Nigeria’s economy recorded its fastest growth in nearly a decade, expanding by 4.6% year-on-year in the fourth quarter of 2024. This surge is attributed to robust fiscal reforms and a strong performance in the non-oil sectors, according to the World Bank.
Under President Bola Tinubu’s administration, Nigeria has implemented bold economic reforms aimed at stabilizing the nation’s finances. Key measures include the removal of fuel subsidies, cuts in electricity tariffs, and significant devaluations of the Nigerian naira.
These steps have contributed to a more unified and market-reflective exchange rate, enabling the Central Bank of Nigeria to rebuild official reserves, which now exceed $37 billion.
Alex Sienaert, the World Bank’s lead economist for Nigeria, highlighted that these reforms have led to a notable increase in government revenues, rising by 4.5% of GDP in 2024. This fiscal improvement has allowed for a reduction in the fiscal deficit from 5.4% in 2023 to an estimated 3% in 2024, according to Reuters.
Despite the positive growth trajectory, Nigeria continues to grapple with high inflation, a challenge exacerbated by the very reforms driving economic expansion. The removal of subsidies and currency devaluations have led to increased costs for goods and services, placing a strain on consumers. The World Bank projects that inflation could average just over 22% in 2025, assuming the Central Bank maintains its current tight monetary policy.
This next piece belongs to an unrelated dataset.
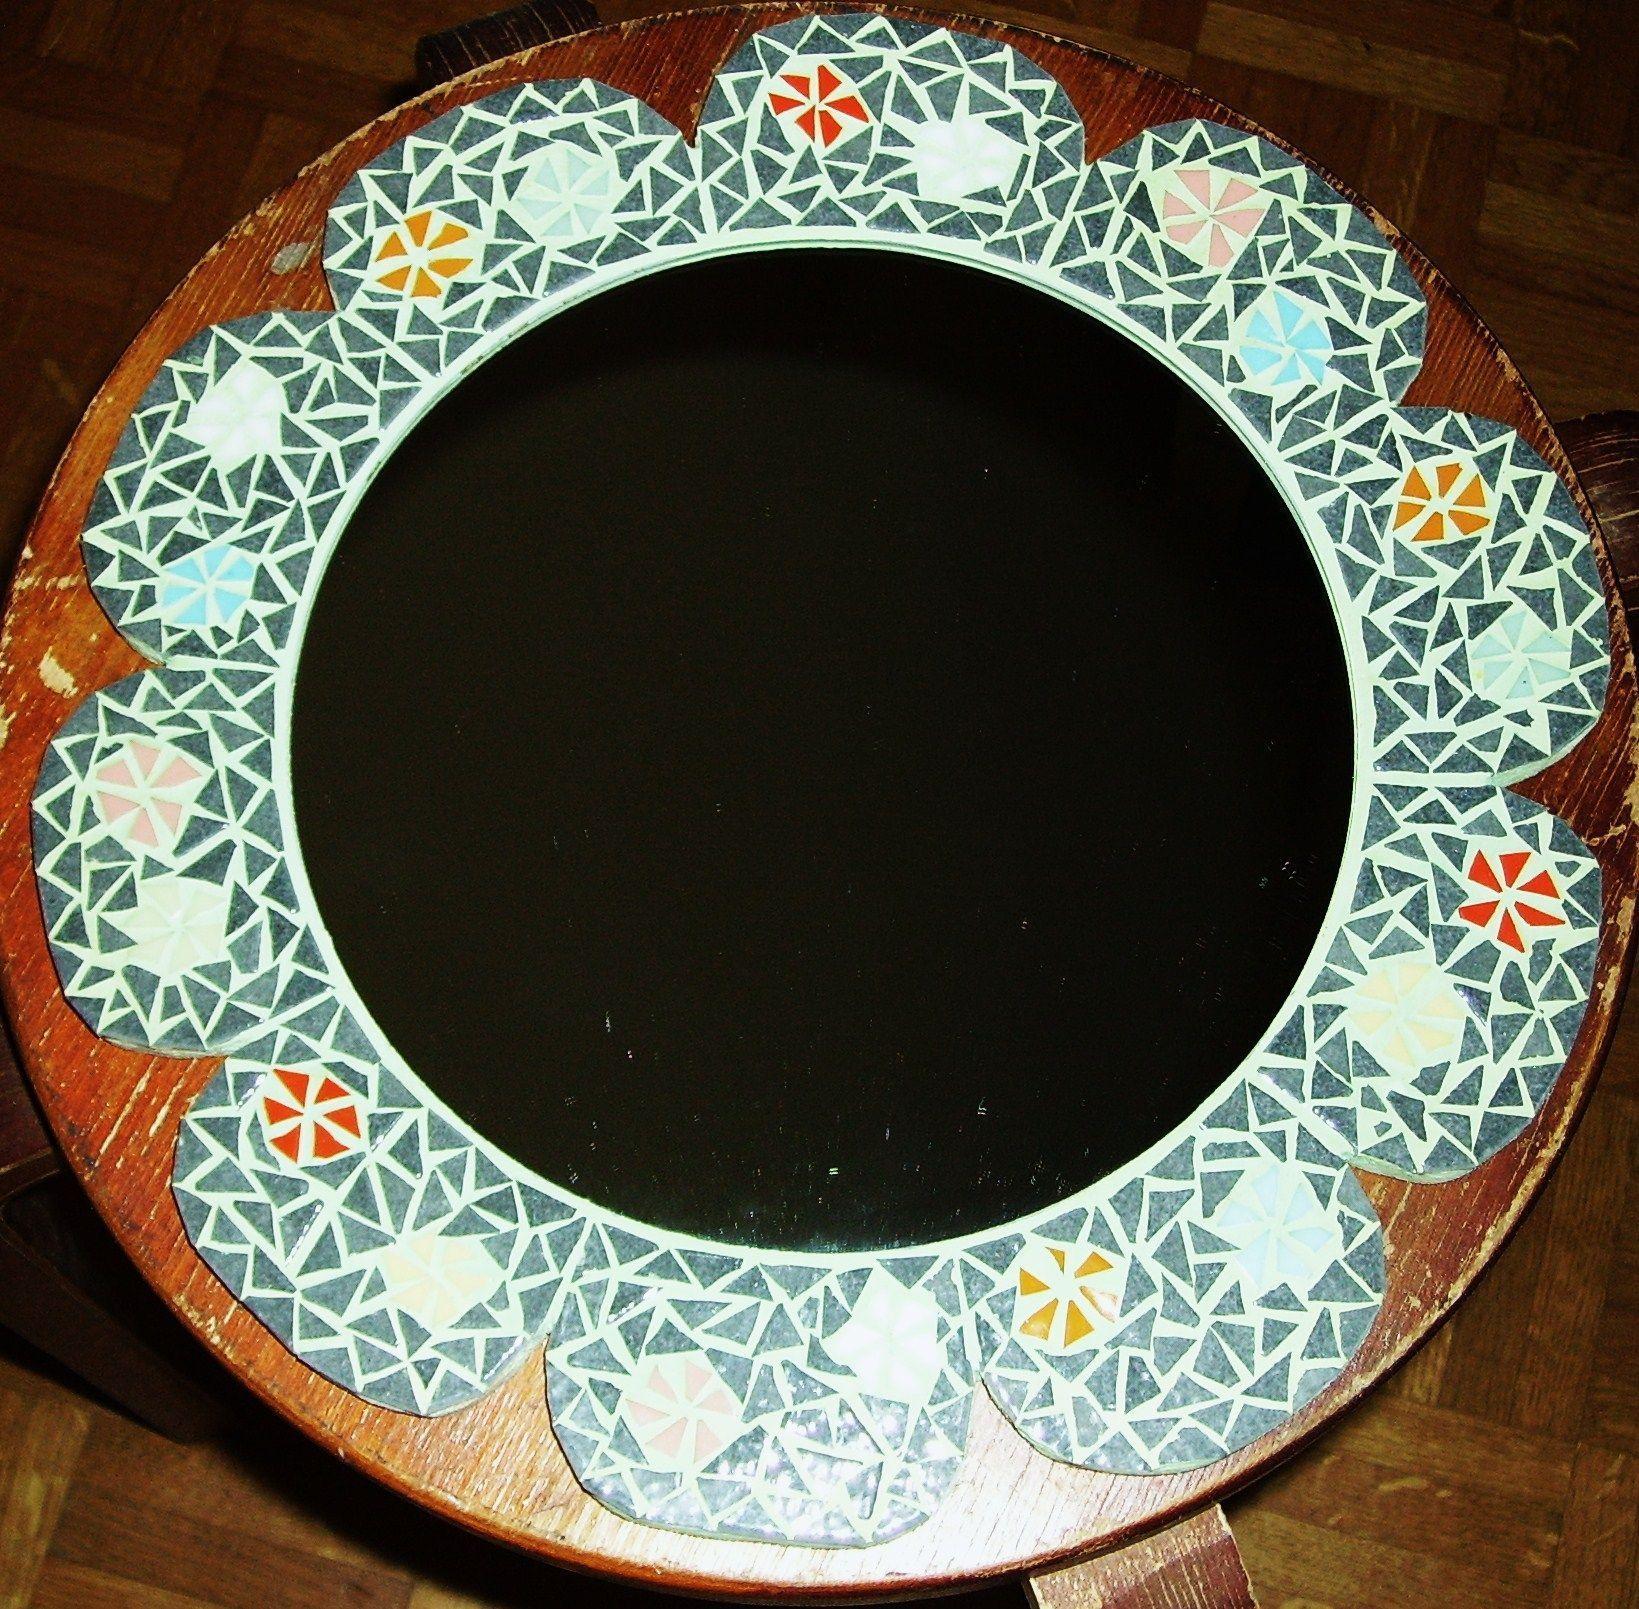 Miroir mosaique rond forme fleur for Miroir rond mosaique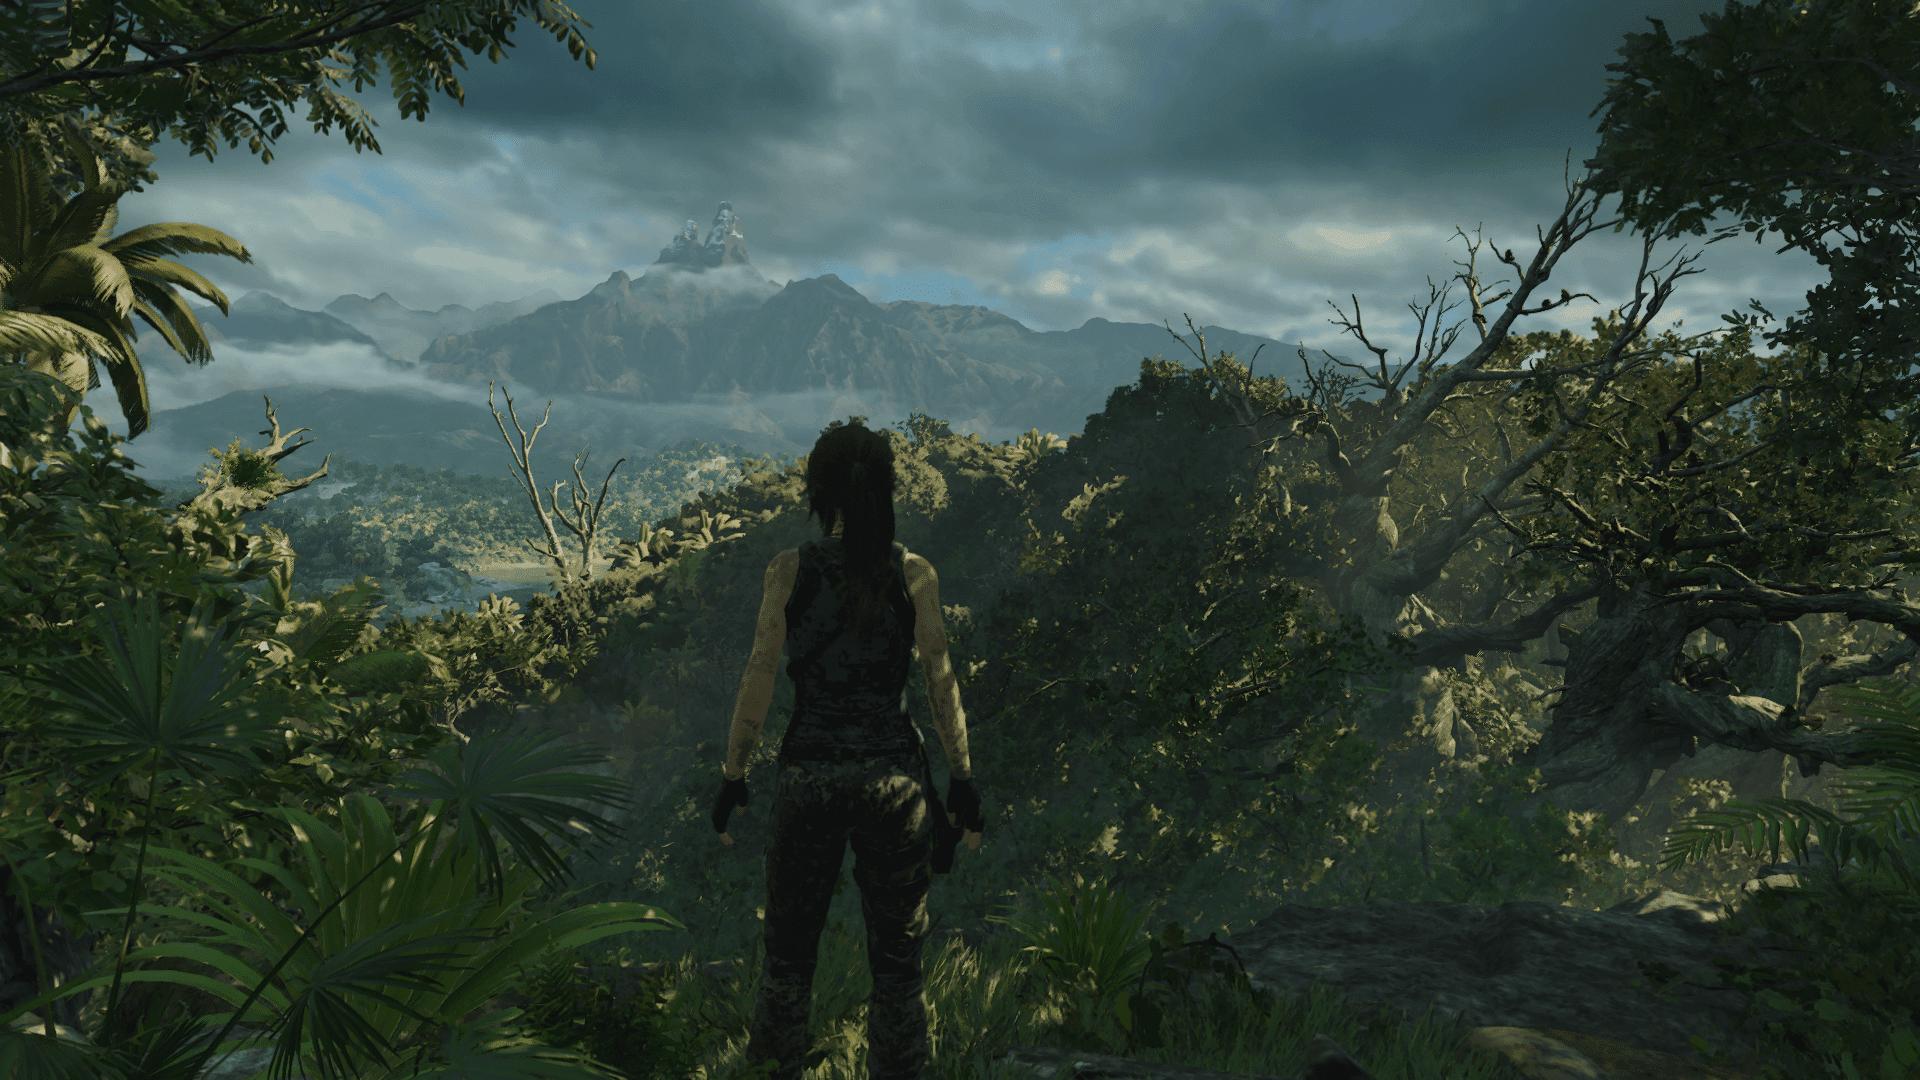 medio2 1 - Shadow of The Tomb Raider - Recensione come gira su PC

According to Nairametrics, Looking ahead, the World Bank forecasts Nigeria’s economy to grow by 3.6% in 2025, building on the momentum from the previous year. This growth is expected to be driven by continued improvements in the non-oil sectors, particularly services such as financial services, telecommunications, and information technology. Additionally, easing inflationary pressures and improved business sentiment are anticipated to support this positive trend.
However, the full benefits of the implemented reforms, particularly the removal of fuel subsidies, have yet to be fully realized. The World Bank emphasizes the need for sustained tight monetary and disciplined fiscal policies to address ongoing inflation challenges and ensure long-term economic stability.